> _EXERCISE BRIEF_: In the entries below, find the line with "Látogasson el Internet" and the line with "SAFAVIEH California Solid". Print those two and everything between them exactly, and nothing else.

> _DATA UNDER STUDY_:
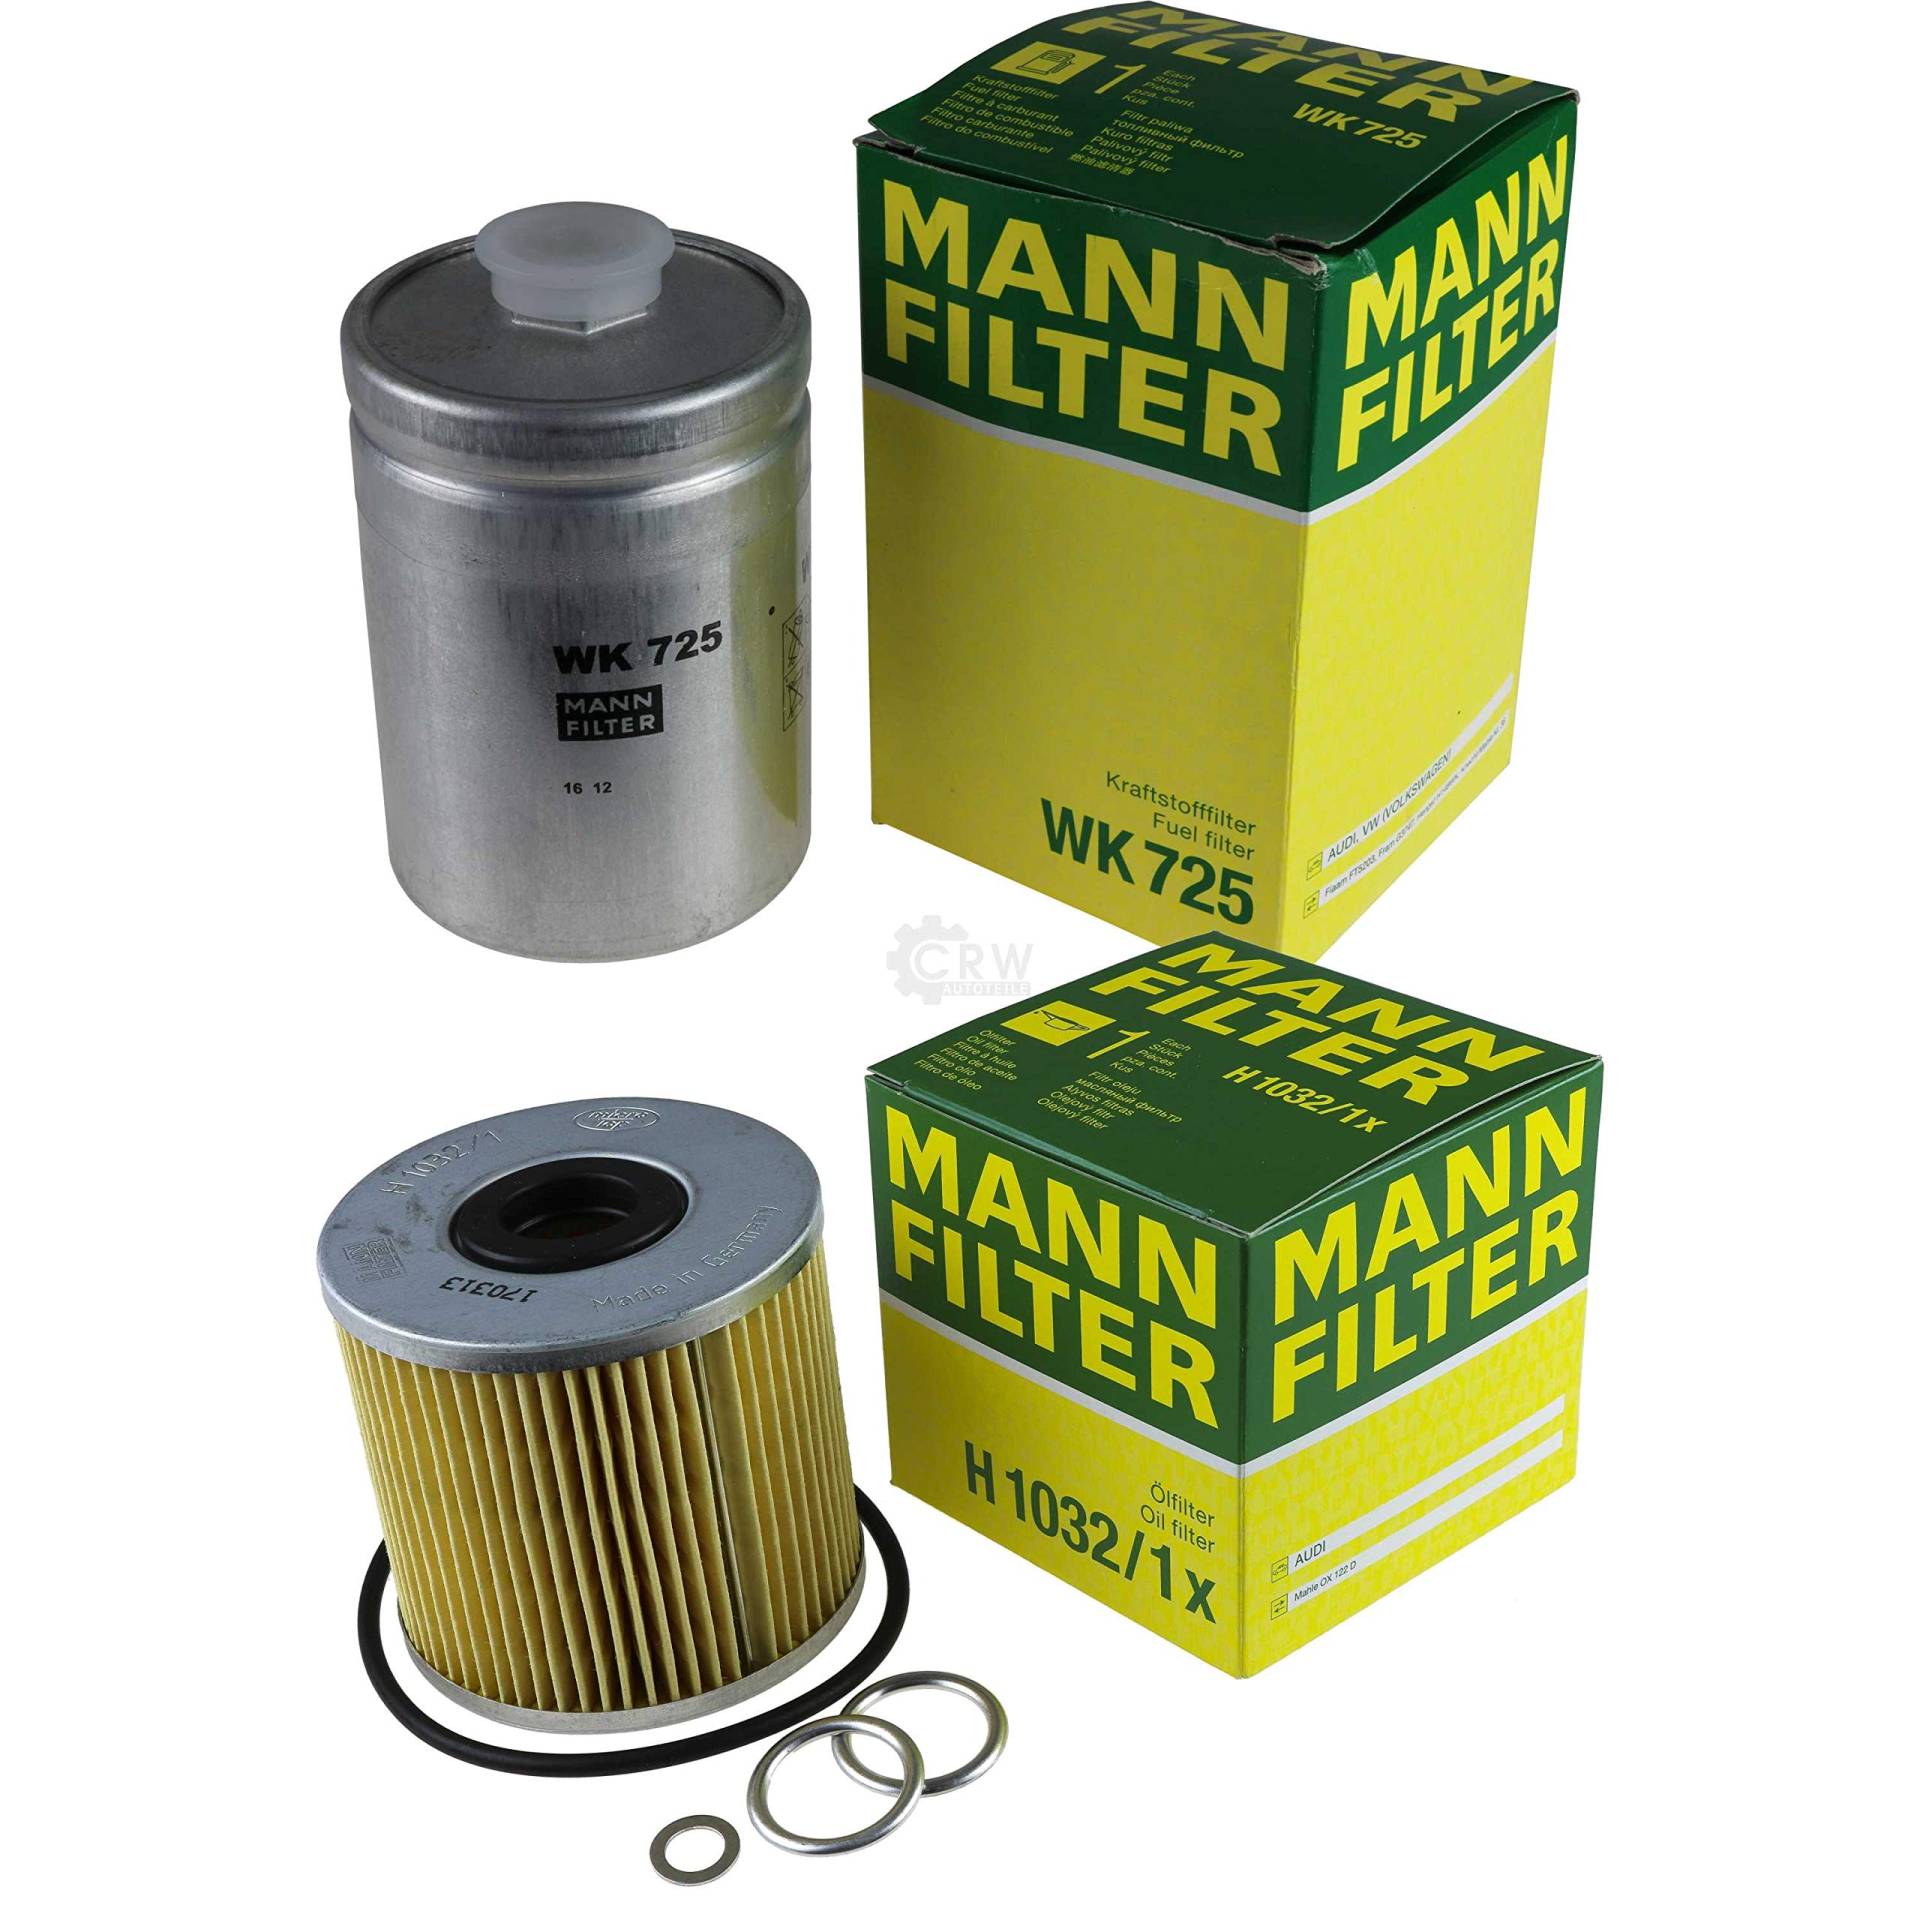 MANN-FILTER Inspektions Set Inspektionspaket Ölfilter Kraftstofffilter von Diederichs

--

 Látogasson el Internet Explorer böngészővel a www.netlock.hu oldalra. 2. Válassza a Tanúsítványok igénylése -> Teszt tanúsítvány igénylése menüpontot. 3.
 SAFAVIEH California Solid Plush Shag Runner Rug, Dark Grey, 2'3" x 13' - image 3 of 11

---

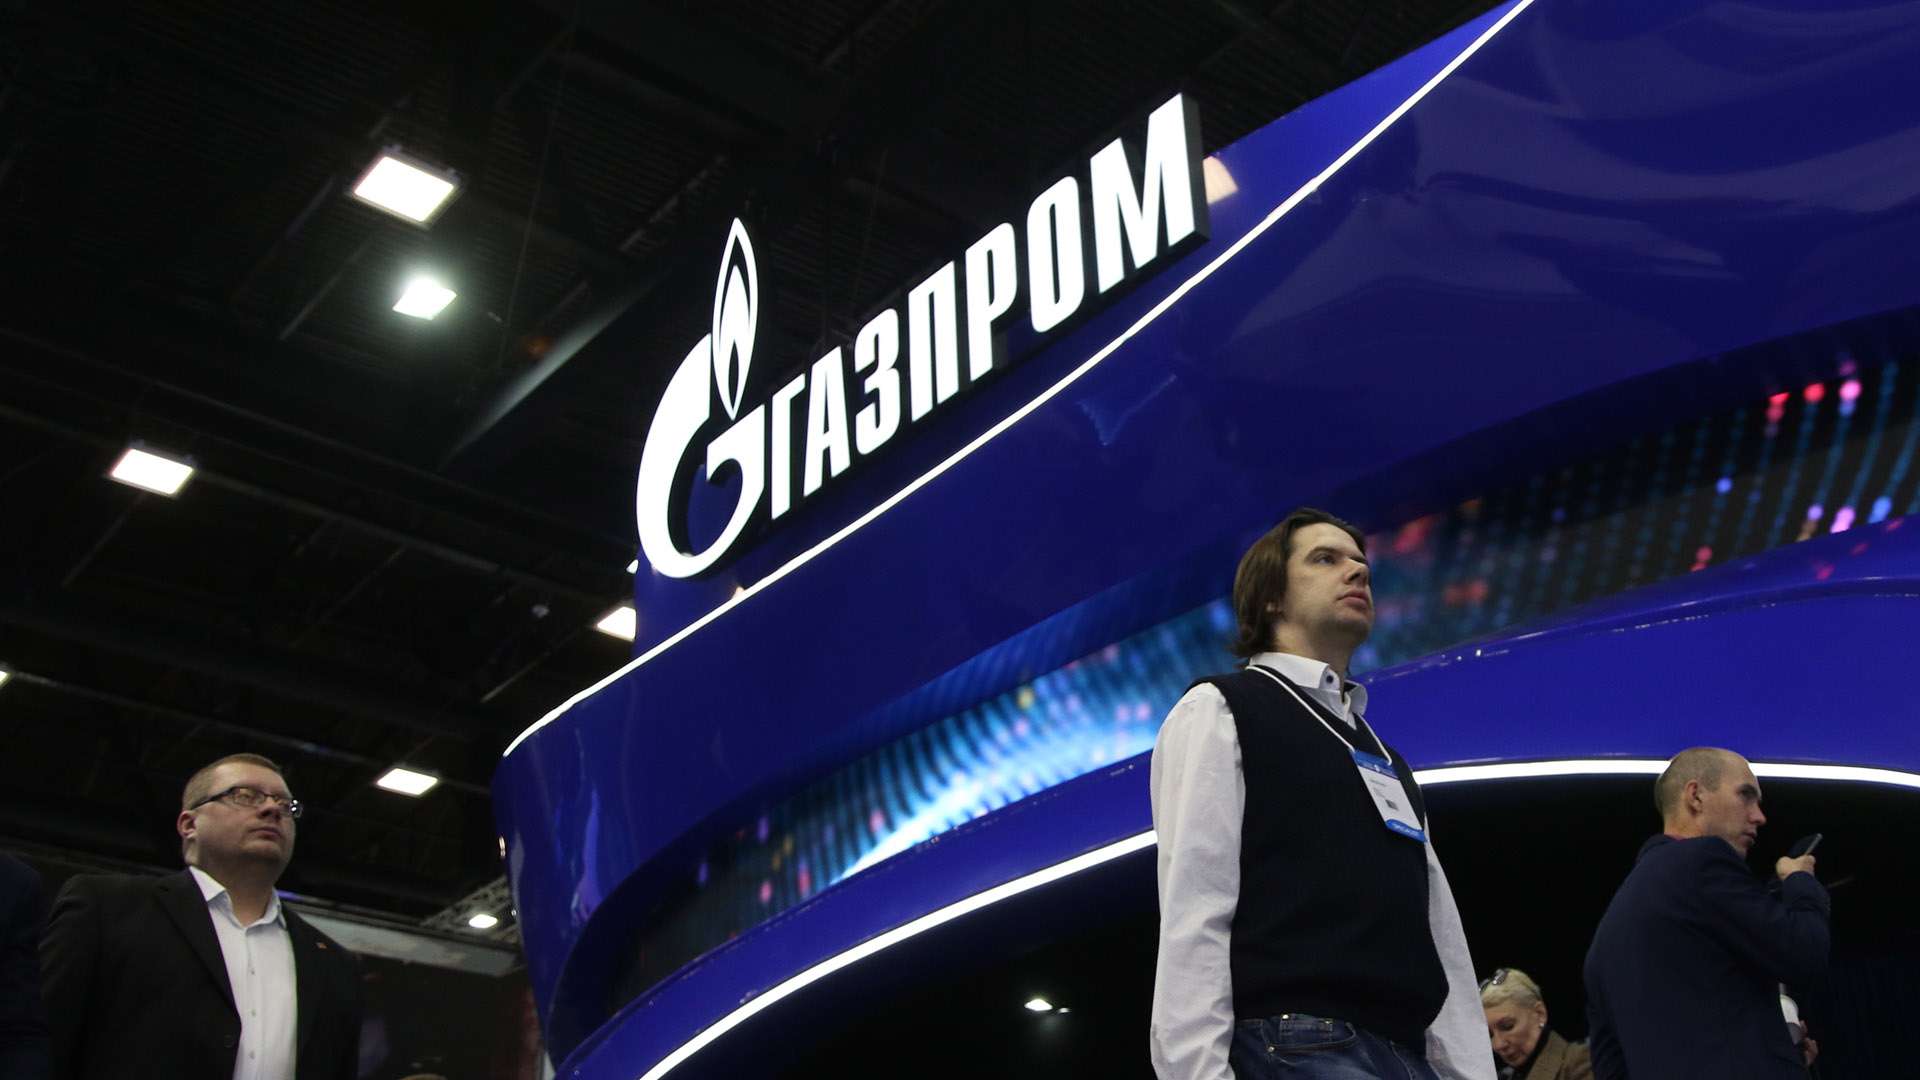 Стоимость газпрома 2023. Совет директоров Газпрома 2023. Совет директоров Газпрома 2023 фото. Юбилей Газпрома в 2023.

> _EXPECTED OUTPUT_:
 Látogasson el Internet Explorer böngészővel a www.netlock.hu oldalra. 2. Válassza a Tanúsítványok igénylése -> Teszt tanúsítvány igénylése menüpontot. 3.
 SAFAVIEH California Solid Plush Shag Runner Rug, Dark Grey, 2'3" x 13' - image 3 of 11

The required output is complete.